Today, we commemorate the legacy of Martin Luther King Jr., who worked tirelessly to make this a greater nation by ending racial segregation in America. Even as we celebrate, our nation's highest court is deliberating a case originating from the California Department of Corrections, which seeks to end the practice of blanket racial segregation in housing inmates in reception centers, which is where they are housed when they first arrive at prison.

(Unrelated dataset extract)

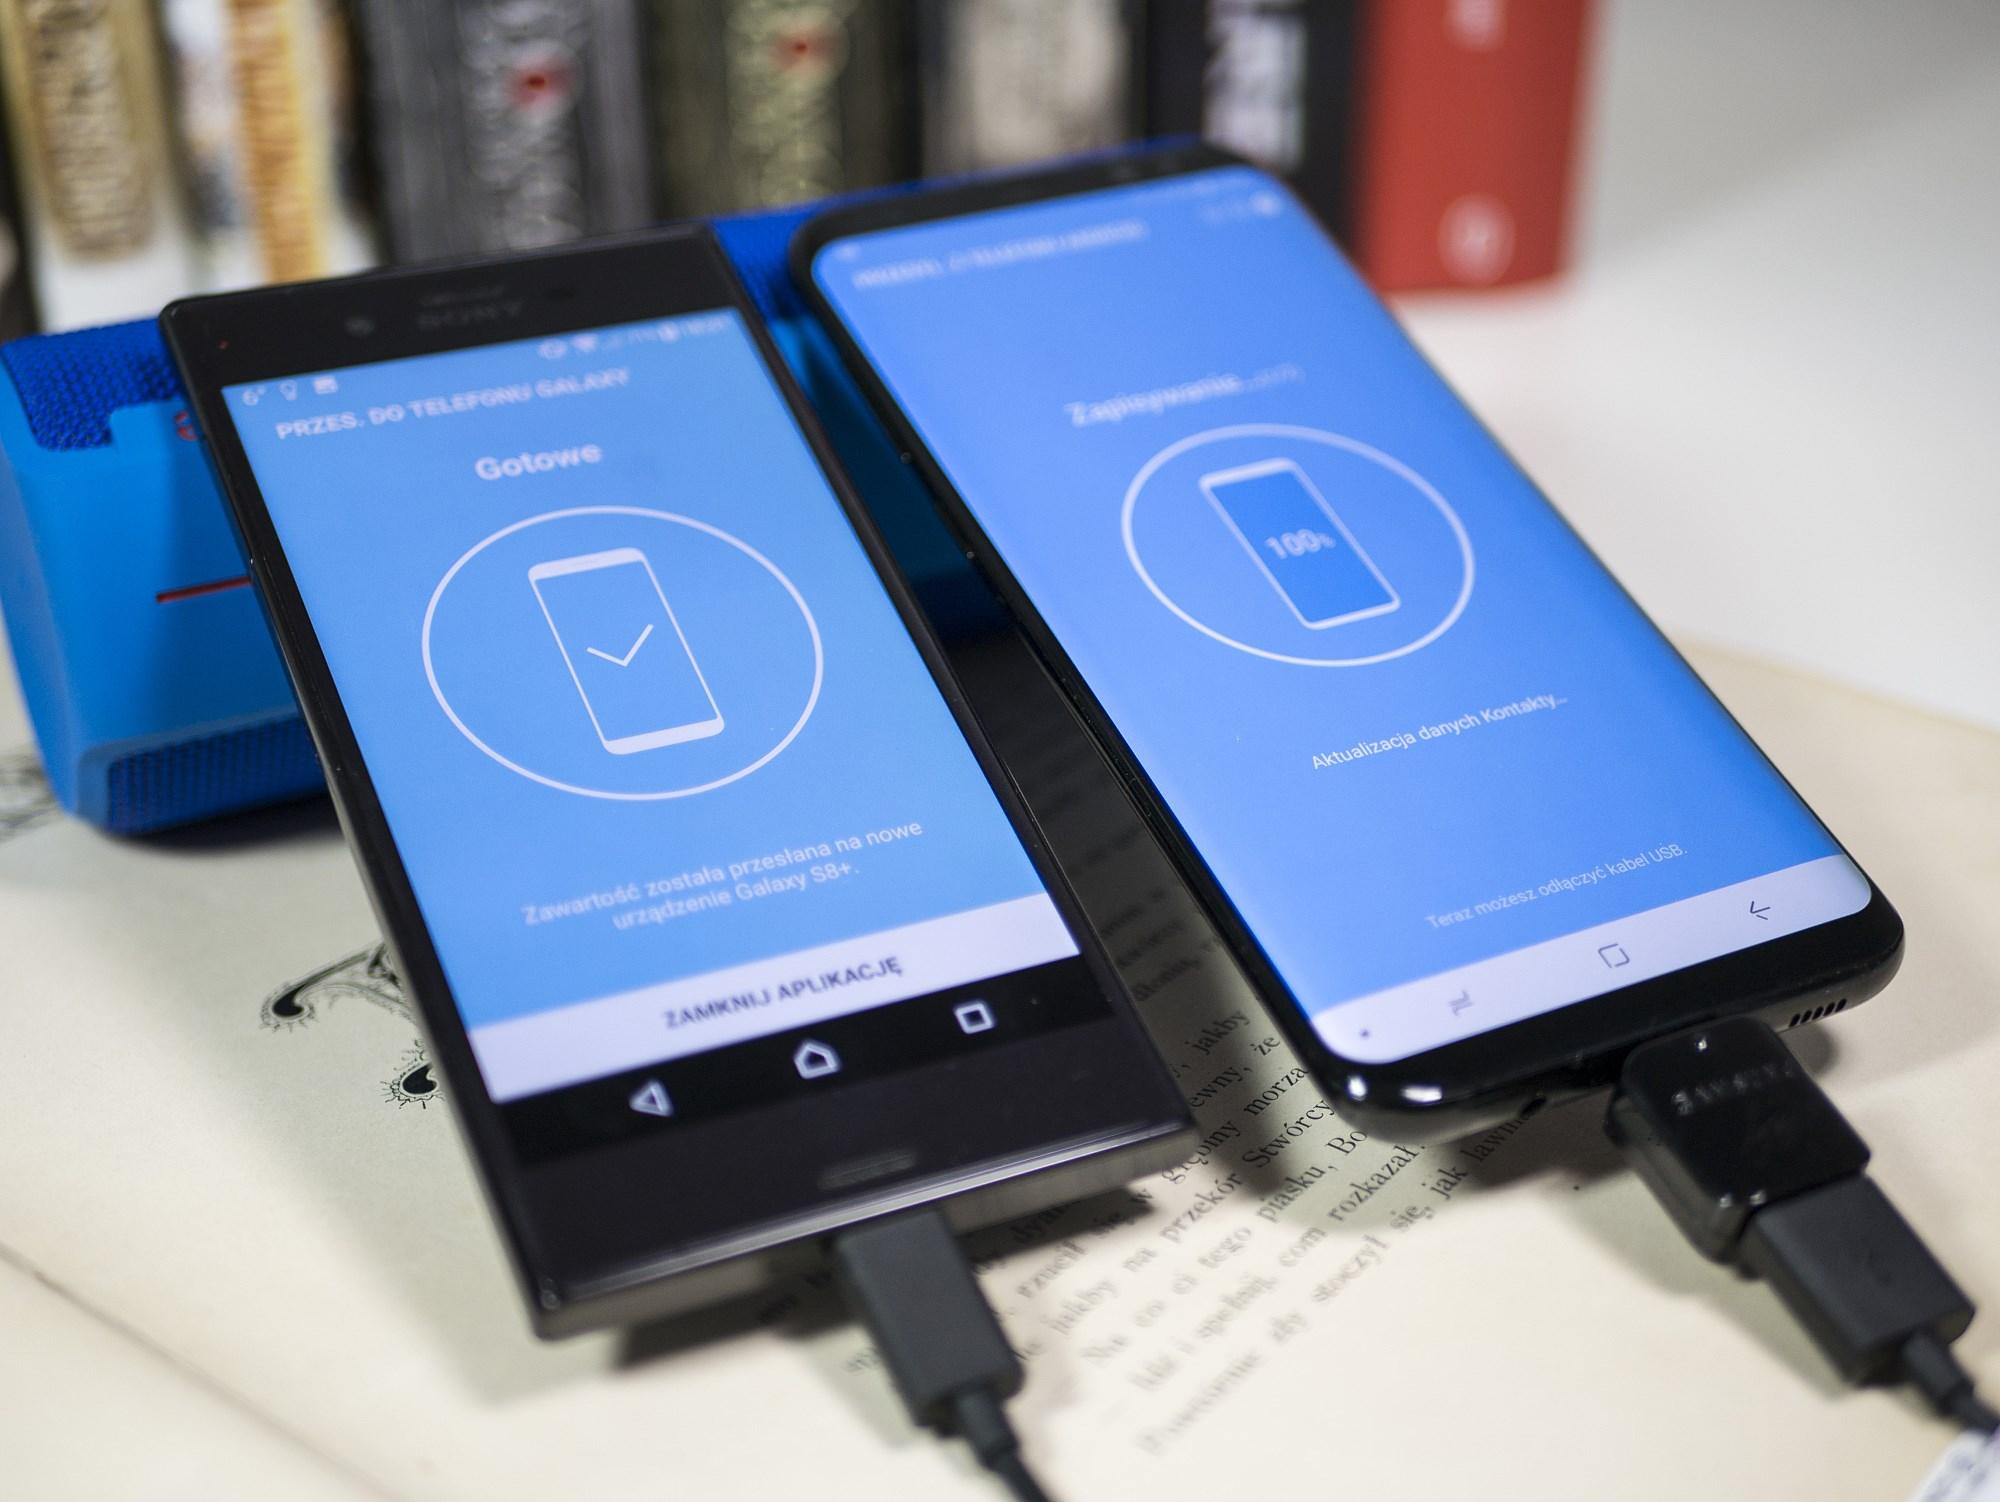 BlackBerry serwis randkowy w Nigerii
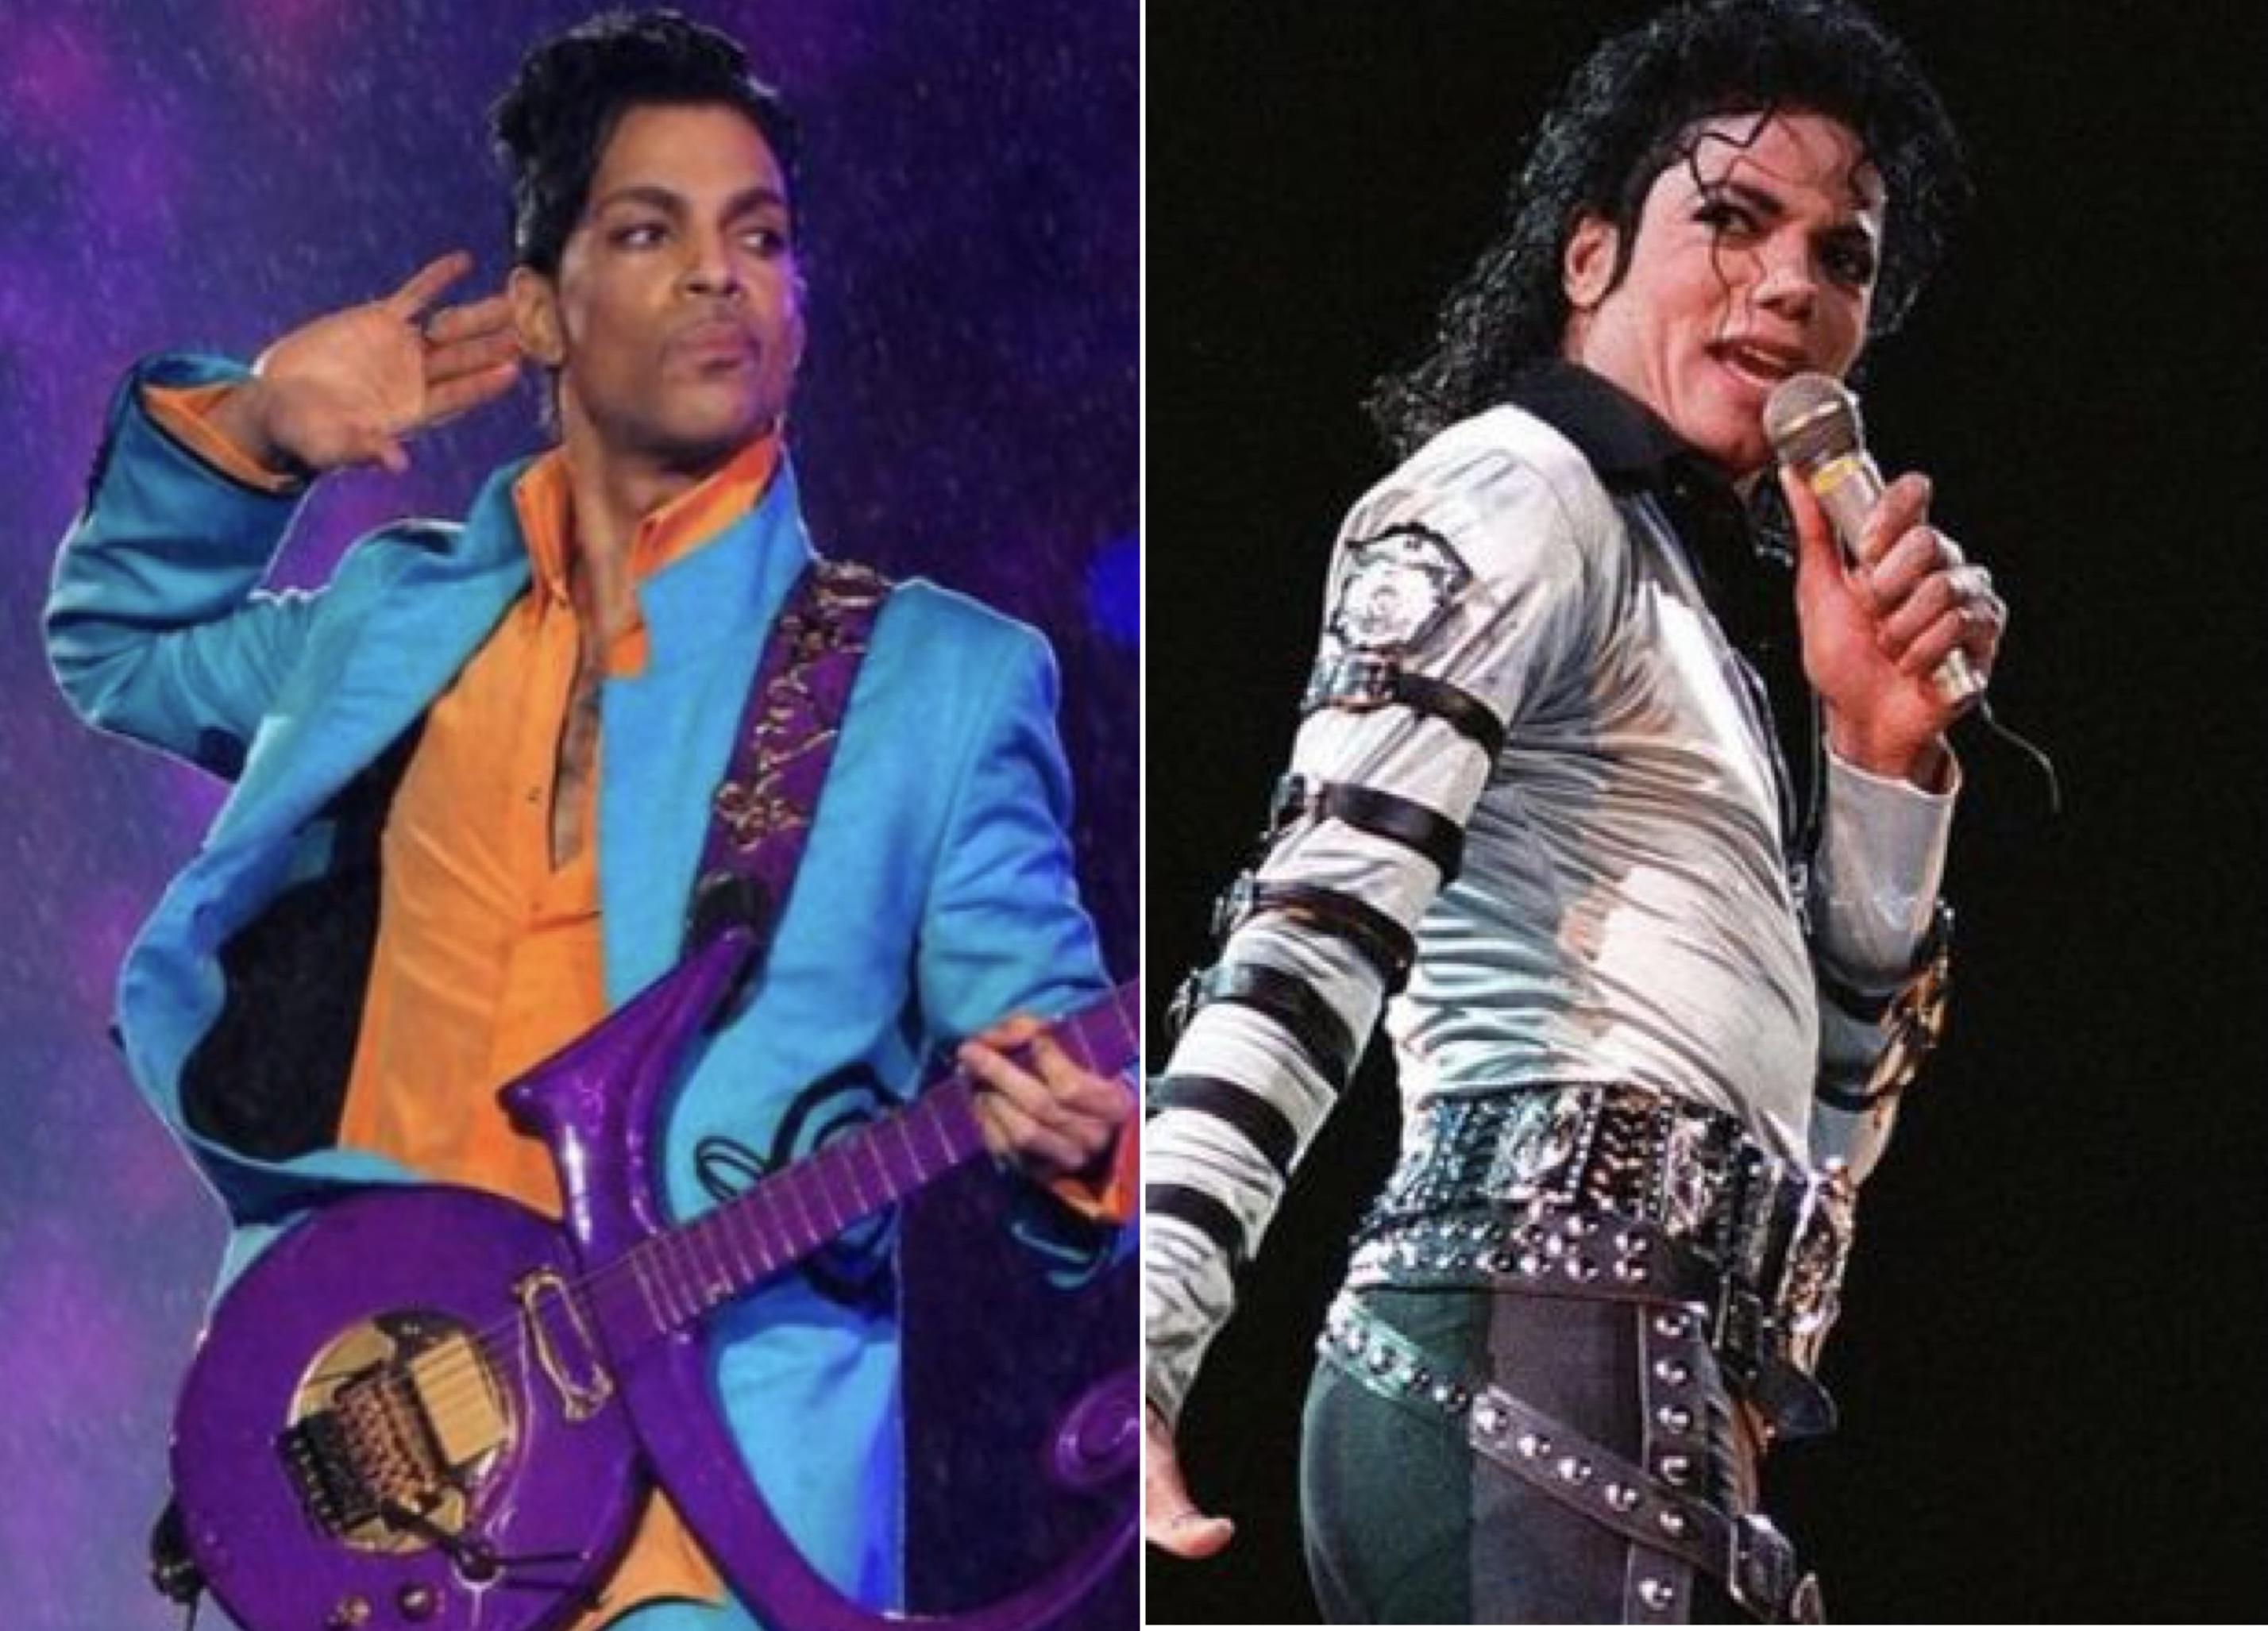 Prince, Michael Jackson

The petitioner is Garrison Johnson, a black inmate, who in his 15 years in prison has witnessed the state routinely housing inmates with members of their own race at least for an initial 90 days of incarceration. Department of Corrections officials contend this is a temporary management practice designed to quell interracial violence among inmates due to race-based prison gangs. The department has practiced such for almost three decades without ever adopting it as official department policy.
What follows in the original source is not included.